The music of “The Life” also aims to be more reflective of post-disco New York, in new orchestrations and arrangements by James Sampliner. While honoring Coleman’s original melodies, Sampliner said the revival’s sound, which he termed “down and funky,” would be far from the original big band jazz, citing sonic influences such as Earth, Wind & Fire, the O’Jays, Chaka Khan and Isaac Hayes. “It just totally stunk about it,” he said.
The encores! The series, which began its first season under new leadership last month with “The Tap Dance Kid,” has long welcomed substantial revisions to the short-lived revivals of American musicals (because the book is often the problem with those rarely seen). But preserving original orchestrations and arrangements was also part of its mission, so “The Life” represents an artistic departure.
It’s also the first of what the Artistic Director, Lear DeBessonet, and the producing Artistic Director, Clint Ramos, refer to as an author’s slot, encouraging artists like Porter to revisit works from their personal perspective. Porter’s overhaul has the backing of Coleman’s legacy, as the musical is infrequently produced due to its mature content.

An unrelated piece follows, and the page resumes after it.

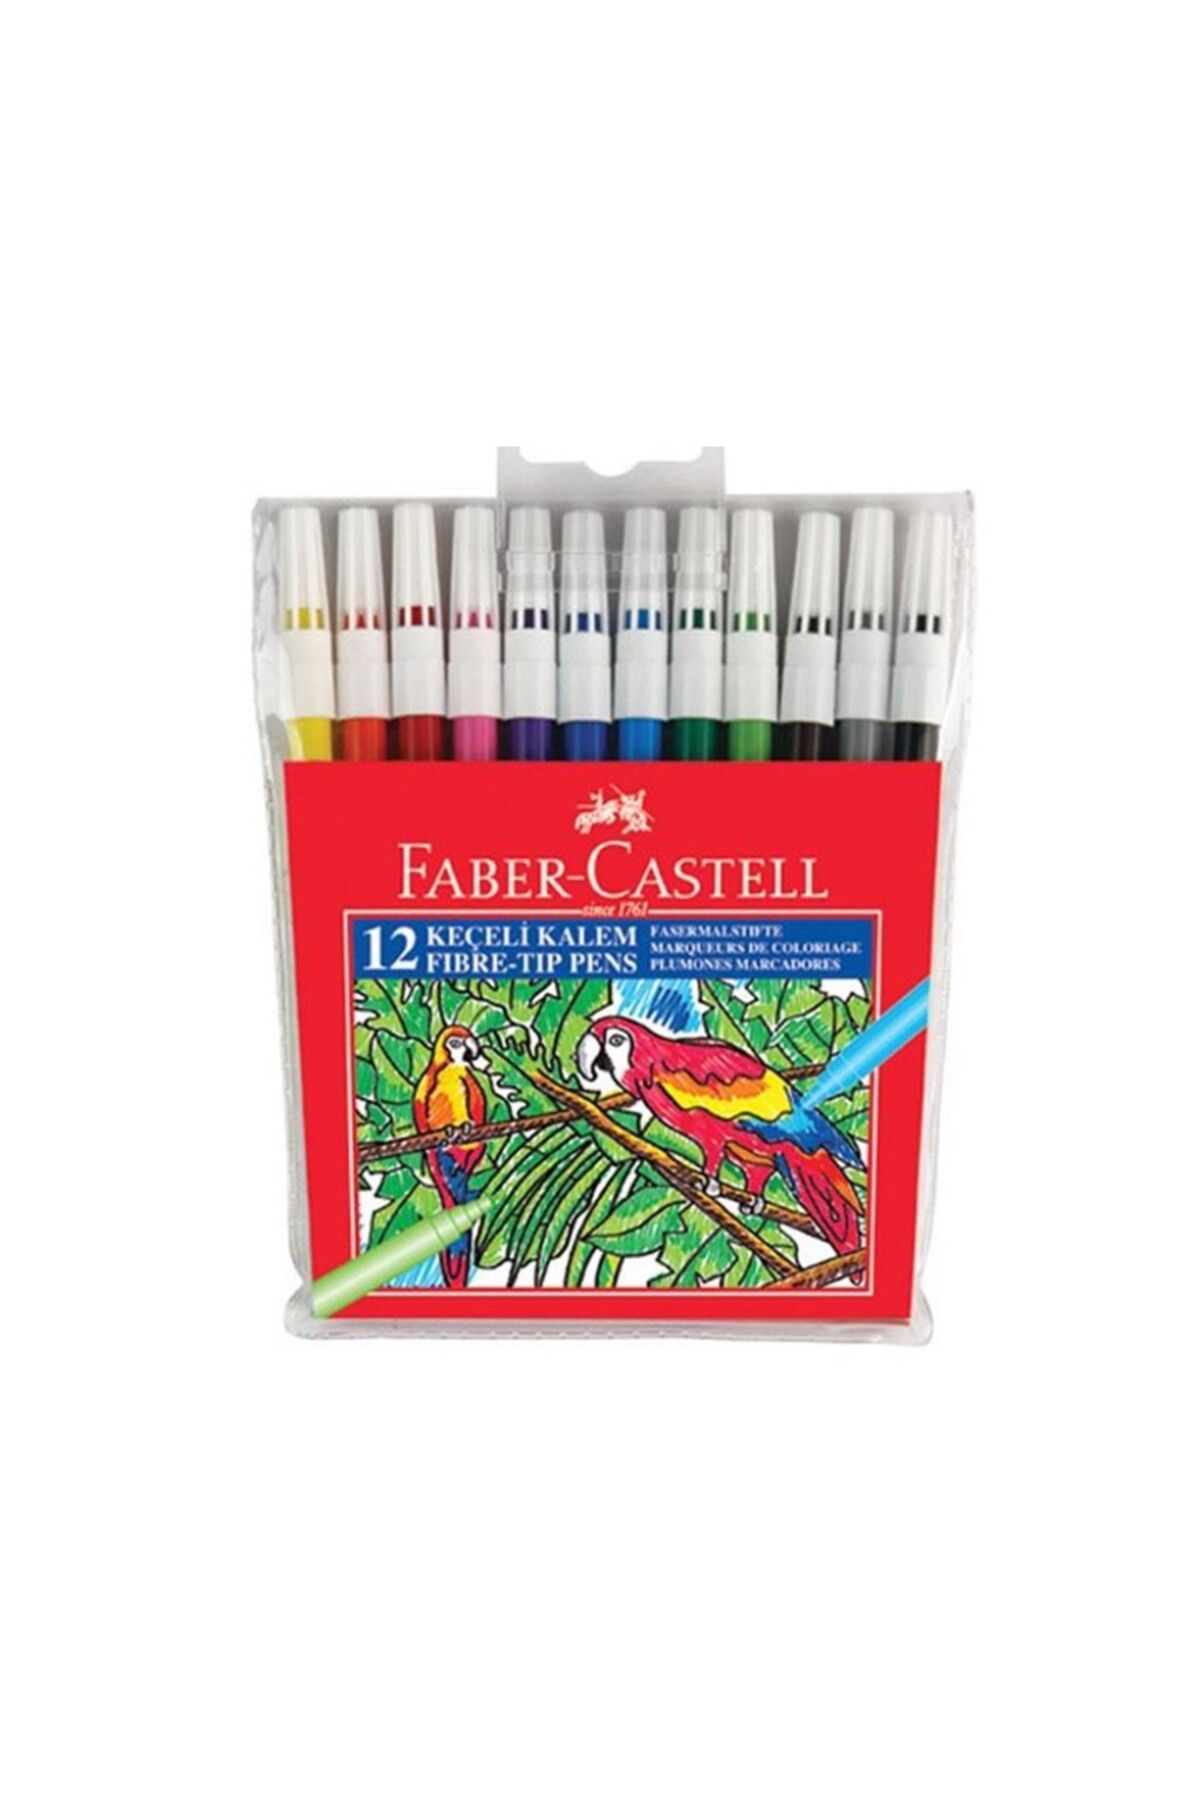 Faber Castell 12 Li Yıkanabilir Keçeli Kalem 155130

Will “The Life” Still Be Able to Laugh? “It’s going to be a complete joke,” Porter said, adding that he considers himself a hopeful entertainer. “Even when it’s dark, that’s our job.” The humor will not be applied to make anyone feel more comfortable, he added. It’s more likely to stem from the often painful truths of the situation (like Sonja asking for a doctor’s note to show her pimp).
The guts and perseverance that women like Sonja and Queen taught me at a young age also endure — lessons perhaps made even more poignant by a fuller picture of the odds stacked against them. And “The Life” can also speak with hard-won wisdom for hard times, to a city emerging from another hard chapter.
“We choose hope, not because things are joyful or hopeful,” Porter said. “But to live.”